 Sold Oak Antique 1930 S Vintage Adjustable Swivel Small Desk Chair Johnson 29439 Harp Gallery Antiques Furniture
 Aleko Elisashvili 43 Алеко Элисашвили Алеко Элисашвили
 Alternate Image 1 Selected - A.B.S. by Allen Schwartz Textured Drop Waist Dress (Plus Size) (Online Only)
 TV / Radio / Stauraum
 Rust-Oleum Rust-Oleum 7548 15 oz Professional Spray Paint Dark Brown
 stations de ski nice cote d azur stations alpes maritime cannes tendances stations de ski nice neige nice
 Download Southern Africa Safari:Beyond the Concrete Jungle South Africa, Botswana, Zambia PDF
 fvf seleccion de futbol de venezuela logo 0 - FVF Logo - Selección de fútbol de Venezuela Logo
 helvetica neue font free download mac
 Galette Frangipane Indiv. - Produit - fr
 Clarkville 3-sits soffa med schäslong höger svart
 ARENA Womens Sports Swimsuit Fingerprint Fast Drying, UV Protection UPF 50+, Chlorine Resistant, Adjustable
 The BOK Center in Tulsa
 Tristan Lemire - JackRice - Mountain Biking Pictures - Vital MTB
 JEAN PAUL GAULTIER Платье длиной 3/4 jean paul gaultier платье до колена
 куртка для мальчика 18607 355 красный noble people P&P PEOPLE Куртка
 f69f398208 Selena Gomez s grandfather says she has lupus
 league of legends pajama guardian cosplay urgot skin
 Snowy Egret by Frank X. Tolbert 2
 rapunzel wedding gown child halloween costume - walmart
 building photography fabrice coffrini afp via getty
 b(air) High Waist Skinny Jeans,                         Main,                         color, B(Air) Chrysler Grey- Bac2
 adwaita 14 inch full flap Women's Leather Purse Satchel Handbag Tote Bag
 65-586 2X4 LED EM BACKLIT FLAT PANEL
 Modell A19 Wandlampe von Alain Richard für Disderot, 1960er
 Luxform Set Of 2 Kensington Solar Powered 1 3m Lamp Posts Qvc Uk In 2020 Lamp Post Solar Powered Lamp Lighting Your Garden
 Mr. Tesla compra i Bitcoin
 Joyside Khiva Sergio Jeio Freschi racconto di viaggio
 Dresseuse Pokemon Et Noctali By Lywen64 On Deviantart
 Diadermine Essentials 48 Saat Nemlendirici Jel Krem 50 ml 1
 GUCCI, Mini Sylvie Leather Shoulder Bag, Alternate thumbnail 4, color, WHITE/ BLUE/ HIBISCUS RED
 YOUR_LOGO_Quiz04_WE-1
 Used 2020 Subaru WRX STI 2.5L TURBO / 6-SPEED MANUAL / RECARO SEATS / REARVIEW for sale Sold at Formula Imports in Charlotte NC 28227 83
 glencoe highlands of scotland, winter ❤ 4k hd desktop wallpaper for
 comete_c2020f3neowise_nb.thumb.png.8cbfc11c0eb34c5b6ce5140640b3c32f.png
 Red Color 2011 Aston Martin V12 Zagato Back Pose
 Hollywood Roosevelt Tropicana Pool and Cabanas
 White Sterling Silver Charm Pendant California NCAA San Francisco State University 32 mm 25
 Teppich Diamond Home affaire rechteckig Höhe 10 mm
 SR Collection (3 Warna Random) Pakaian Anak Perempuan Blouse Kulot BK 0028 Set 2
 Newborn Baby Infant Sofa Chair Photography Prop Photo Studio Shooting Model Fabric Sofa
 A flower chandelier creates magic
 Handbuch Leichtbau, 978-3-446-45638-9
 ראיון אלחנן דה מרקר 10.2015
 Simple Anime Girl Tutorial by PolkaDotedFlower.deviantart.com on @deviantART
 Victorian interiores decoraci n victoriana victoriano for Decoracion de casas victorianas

= = = =

## Exercise requirements
While keeping every line the same, please copy out all the records.

## Your response
 Sold Oak Antique 1930 S Vintage Adjustable Swivel Small Desk Chair Johnson 29439 Harp Gallery Antiques Furniture
 Aleko Elisashvili 43 Алеко Элисашвили Алеко Элисашвили
 Alternate Image 1 Selected - A.B.S. by Allen Schwartz Textured Drop Waist Dress (Plus Size) (Online Only)
 TV / Radio / Stauraum
 Rust-Oleum Rust-Oleum 7548 15 oz Professional Spray Paint Dark Brown
 stations de ski nice cote d azur stations alpes maritime cannes tendances stations de ski nice neige nice
 Download Southern Africa Safari:Beyond the Concrete Jungle South Africa, Botswana, Zambia PDF
 fvf seleccion de futbol de venezuela logo 0 - FVF Logo - Selección de fútbol de Venezuela Logo
 helvetica neue font free download mac
 Galette Frangipane Indiv. - Produit - fr
 Clarkville 3-sits soffa med schäslong höger svart
 ARENA Womens Sports Swimsuit Fingerprint Fast Drying, UV Protection UPF 50+, Chlorine Resistant, Adjustable
 The BOK Center in Tulsa
 Tristan Lemire - JackRice - Mountain Biking Pictures - Vital MTB
 JEAN PAUL GAULTIER Платье длиной 3/4 jean paul gaultier платье до колена
 куртка для мальчика 18607 355 красный noble people P&P PEOPLE Куртка
 f69f398208 Selena Gomez s grandfather says she has lupus
 league of legends pajama guardian cosplay urgot skin
 Snowy Egret by Frank X. Tolbert 2
 rapunzel wedding gown child halloween costume - walmart
 building photography fabrice coffrini afp via getty
 b(air) High Waist Skinny Jeans,                         Main,                         color, B(Air) Chrysler Grey- Bac2
 adwaita 14 inch full flap Women's Leather Purse Satchel Handbag Tote Bag
 65-586 2X4 LED EM BACKLIT FLAT PANEL
 Modell A19 Wandlampe von Alain Richard für Disderot, 1960er
 Luxform Set Of 2 Kensington Solar Powered 1 3m Lamp Posts Qvc Uk In 2020 Lamp Post Solar Powered Lamp Lighting Your Garden
 Mr. Tesla compra i Bitcoin
 Joyside Khiva Sergio Jeio Freschi racconto di viaggio
 Dresseuse Pokemon Et Noctali By Lywen64 On Deviantart
 Diadermine Essentials 48 Saat Nemlendirici Jel Krem 50 ml 1
 GUCCI, Mini Sylvie Leather Shoulder Bag, Alternate thumbnail 4, color, WHITE/ BLUE/ HIBISCUS RED
 YOUR_LOGO_Quiz04_WE-1
 Used 2020 Subaru WRX STI 2.5L TURBO / 6-SPEED MANUAL / RECARO SEATS / REARVIEW for sale Sold at Formula Imports in Charlotte NC 28227 83
 glencoe highlands of scotland, winter ❤ 4k hd desktop wallpaper for
 comete_c2020f3neowise_nb.thumb.png.8cbfc11c0eb34c5b6ce5140640b3c32f.png
 Red Color 2011 Aston Martin V12 Zagato Back Pose
 Hollywood Roosevelt Tropicana Pool and Cabanas
 White Sterling Silver Charm Pendant California NCAA San Francisco State University 32 mm 25
 Teppich Diamond Home affaire rechteckig Höhe 10 mm
 SR Collection (3 Warna Random) Pakaian Anak Perempuan Blouse Kulot BK 0028 Set 2
 Newborn Baby Infant Sofa Chair Photography Prop Photo Studio Shooting Model Fabric Sofa
 A flower chandelier creates magic
 Handbuch Leichtbau, 978-3-446-45638-9
 ראיון אלחנן דה מרקר 10.2015
 Simple Anime Girl Tutorial by PolkaDotedFlower.deviantart.com on @deviantART
 Victorian interiores decoraci n victoriana victoriano for Decoracion de casas victorianas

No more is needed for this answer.